__Data excerpt__:
----------
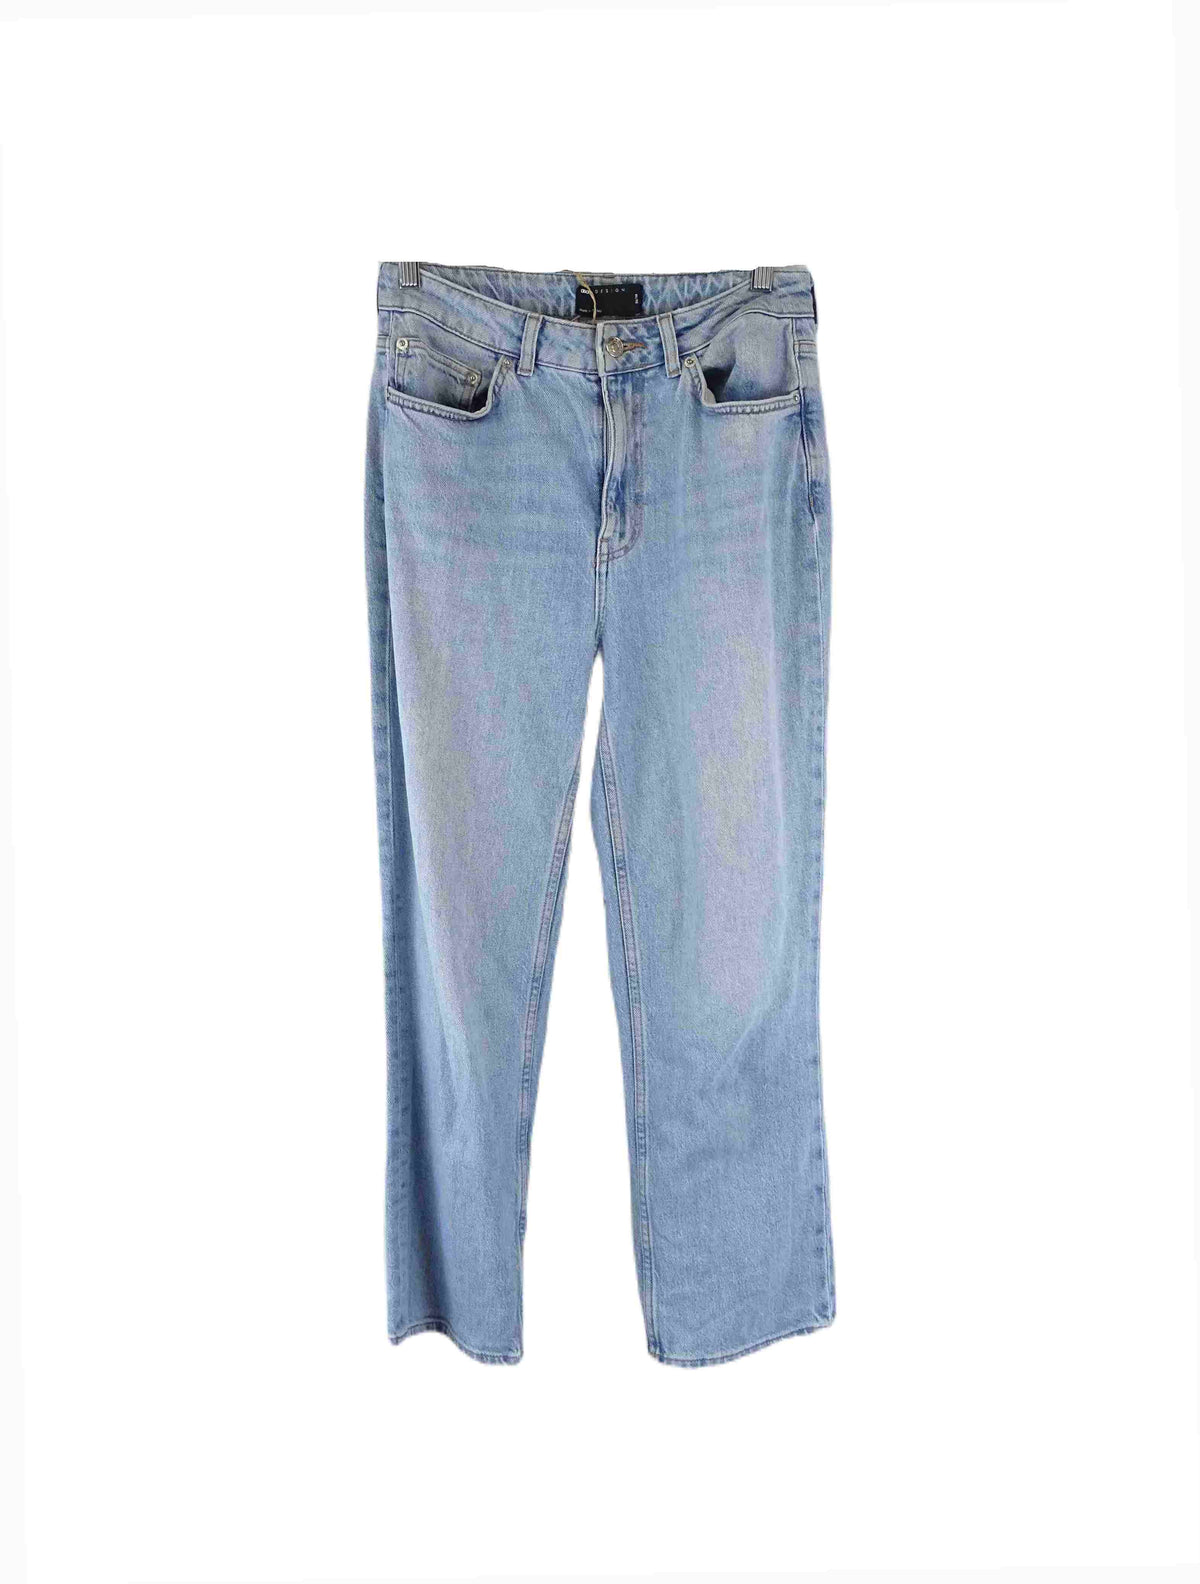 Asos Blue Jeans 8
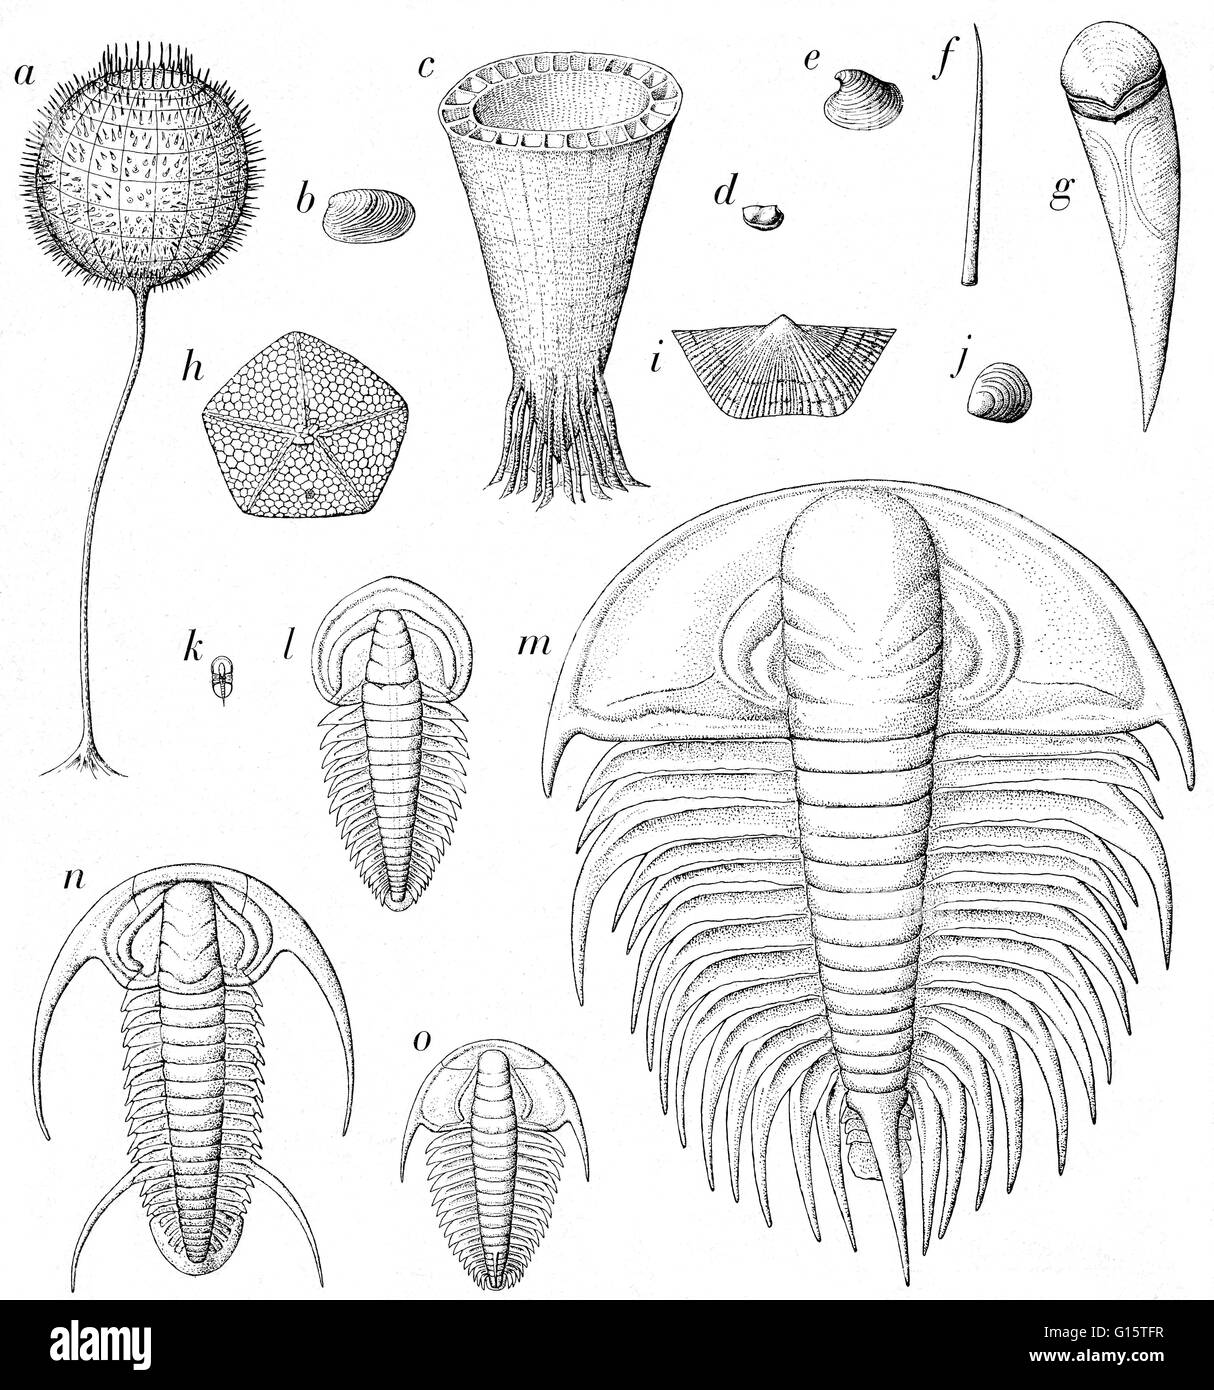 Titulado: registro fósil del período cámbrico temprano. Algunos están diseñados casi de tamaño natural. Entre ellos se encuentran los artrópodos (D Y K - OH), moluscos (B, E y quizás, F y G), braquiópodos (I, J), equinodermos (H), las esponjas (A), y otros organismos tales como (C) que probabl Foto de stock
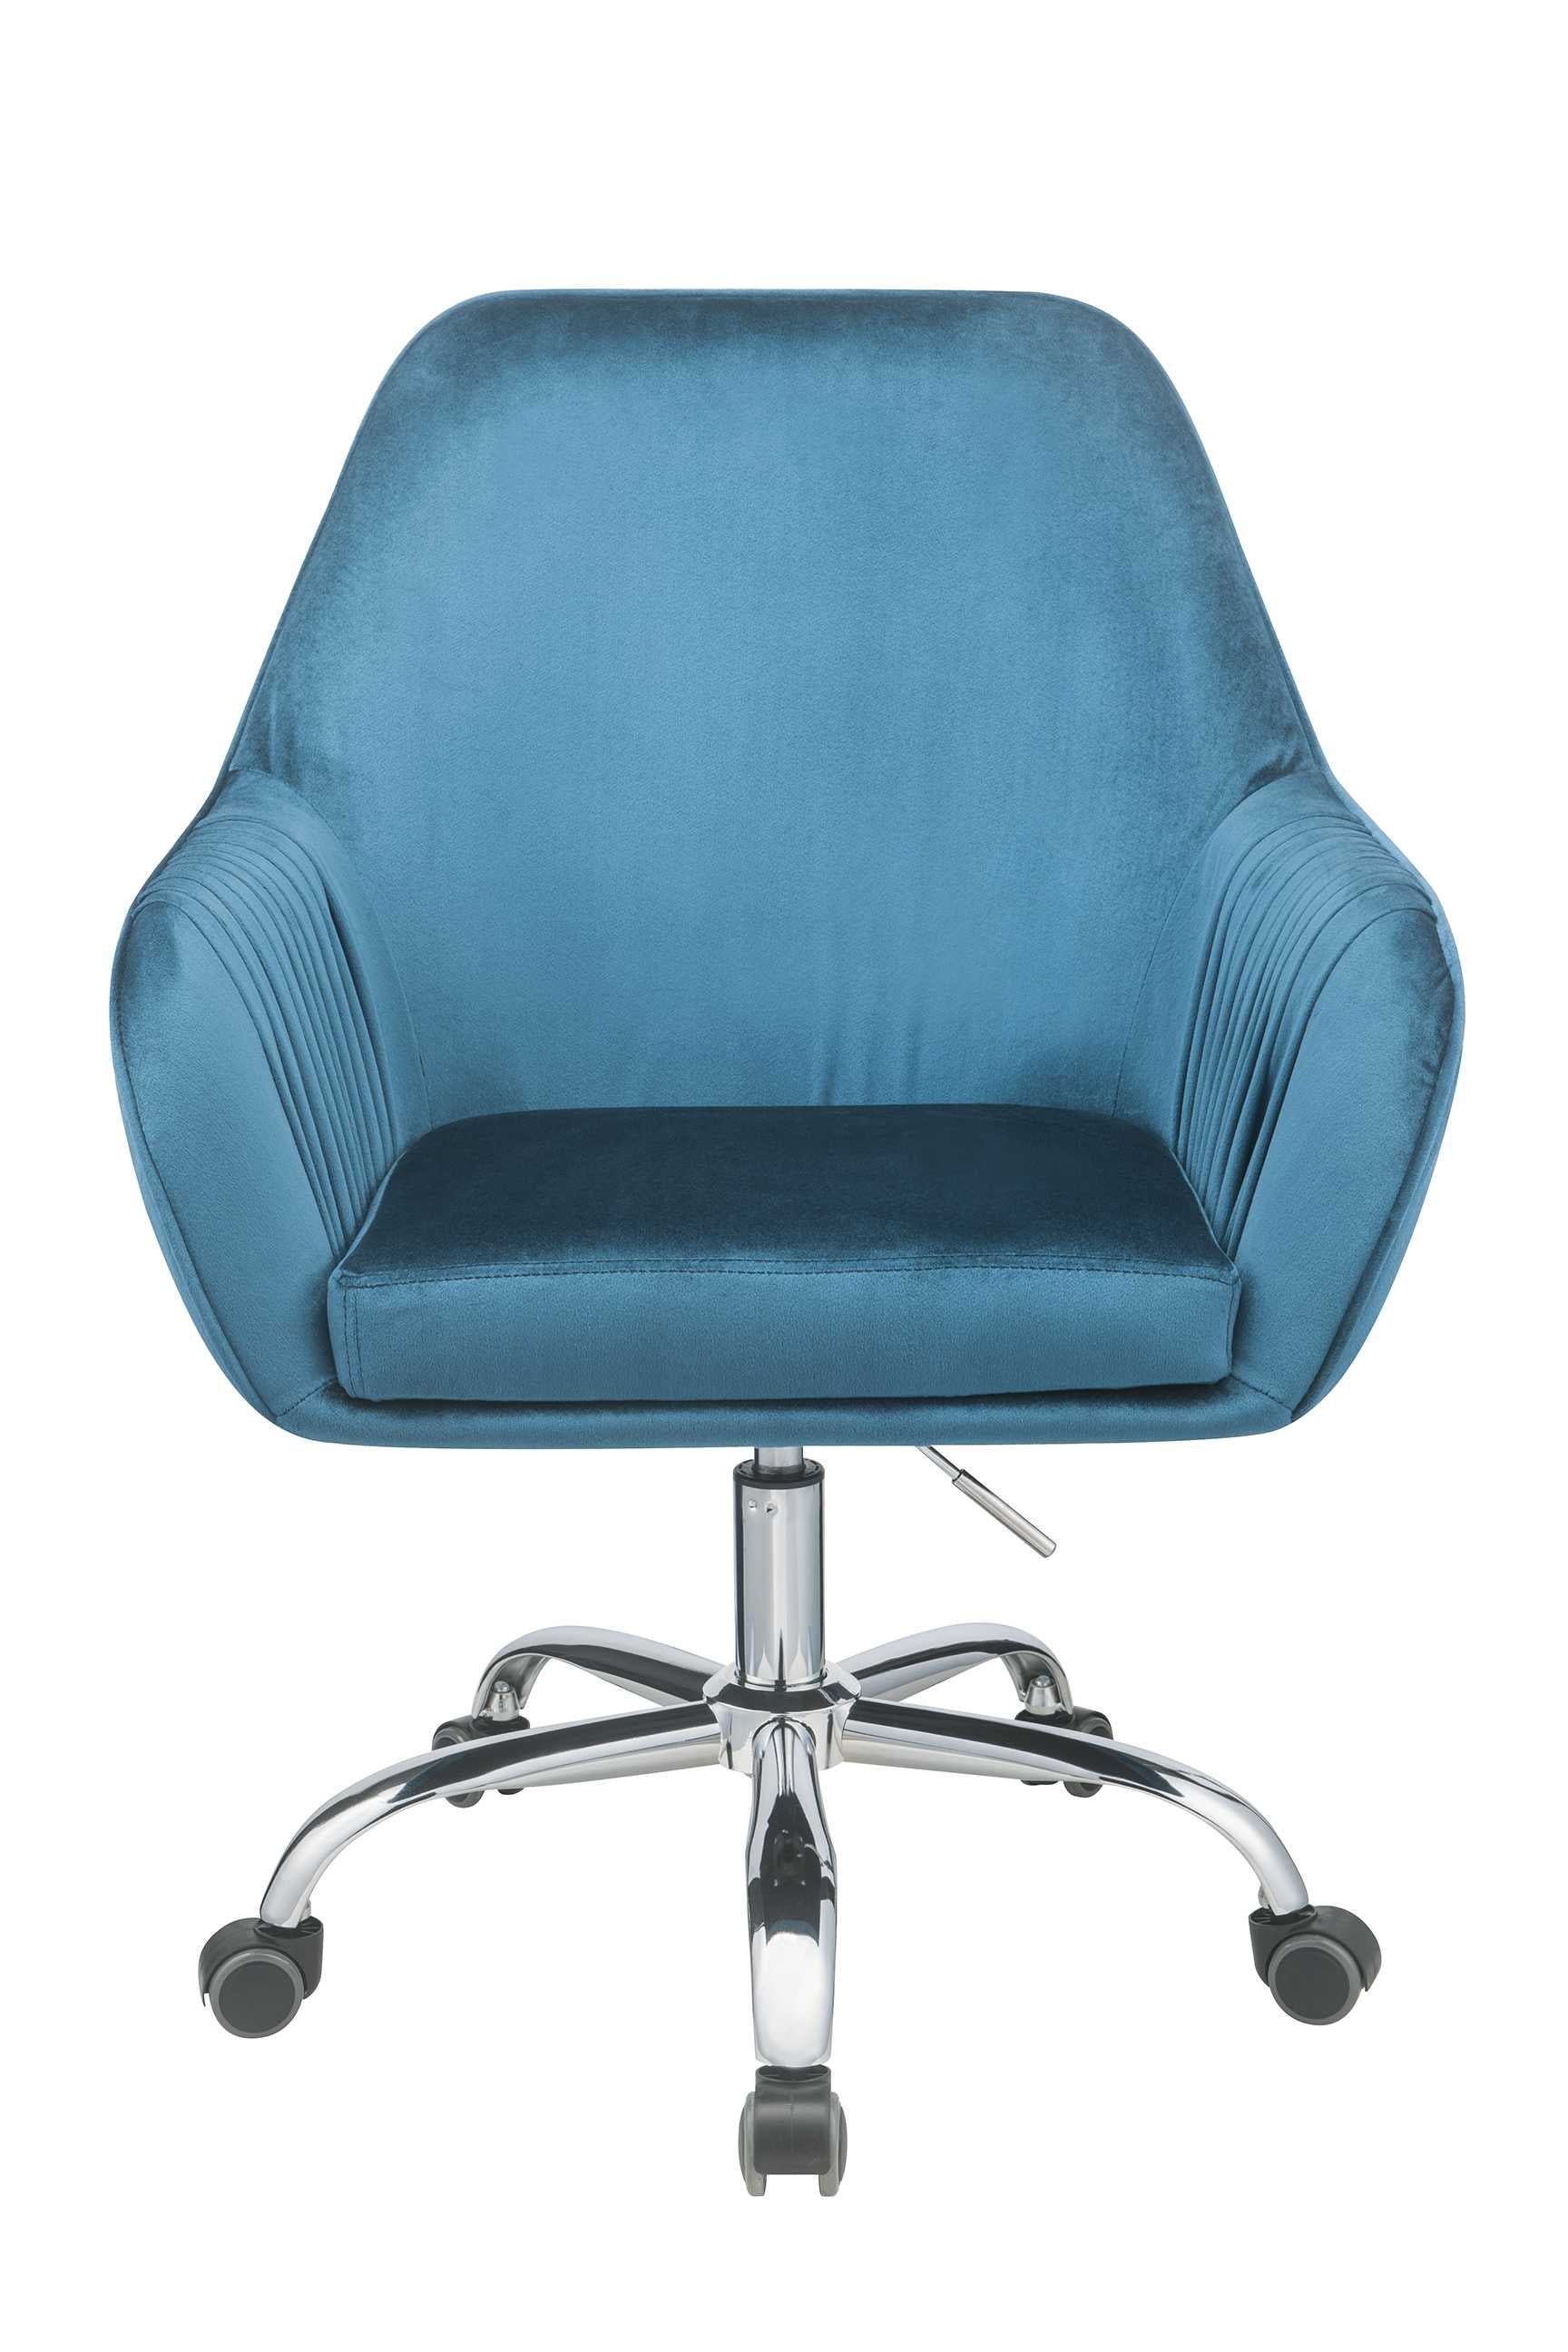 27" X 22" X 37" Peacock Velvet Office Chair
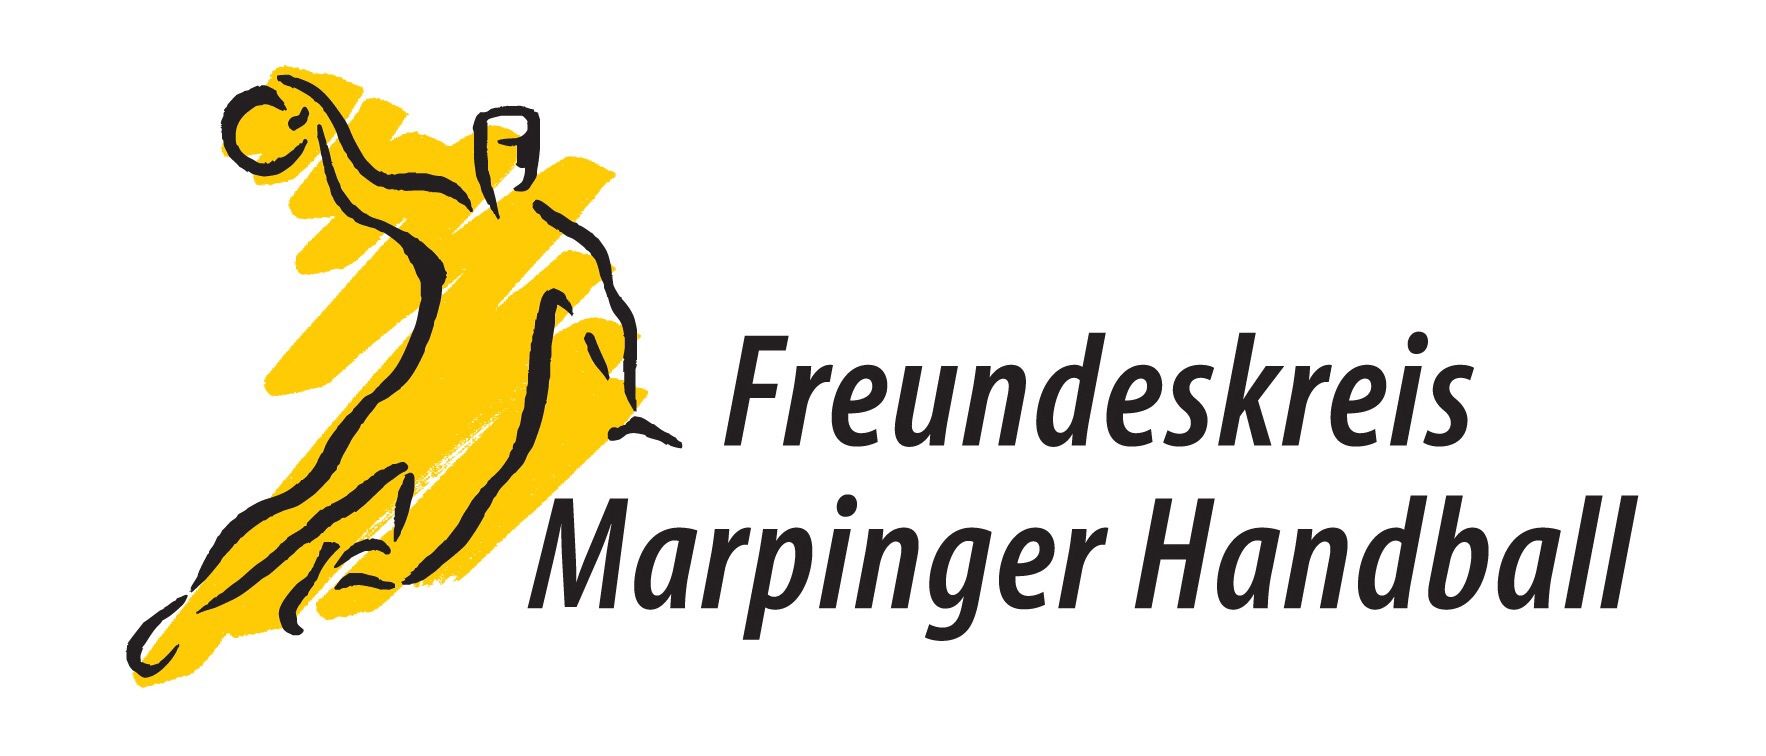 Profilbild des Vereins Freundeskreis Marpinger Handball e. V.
----------
__What you should do__: Down to the last line, reproduce the material above exactly; skip its images.

__The answer__:
 Asos Blue Jeans 8
 Titulado: registro fósil del período cámbrico temprano. Algunos están diseñados casi de tamaño natural. Entre ellos se encuentran los artrópodos (D Y K - OH), moluscos (B, E y quizás, F y G), braquiópodos (I, J), equinodermos (H), las esponjas (A), y otros organismos tales como (C) que probabl Foto de stock
 27" X 22" X 37" Peacock Velvet Office Chair
 Profilbild des Vereins Freundeskreis Marpinger Handball e. V.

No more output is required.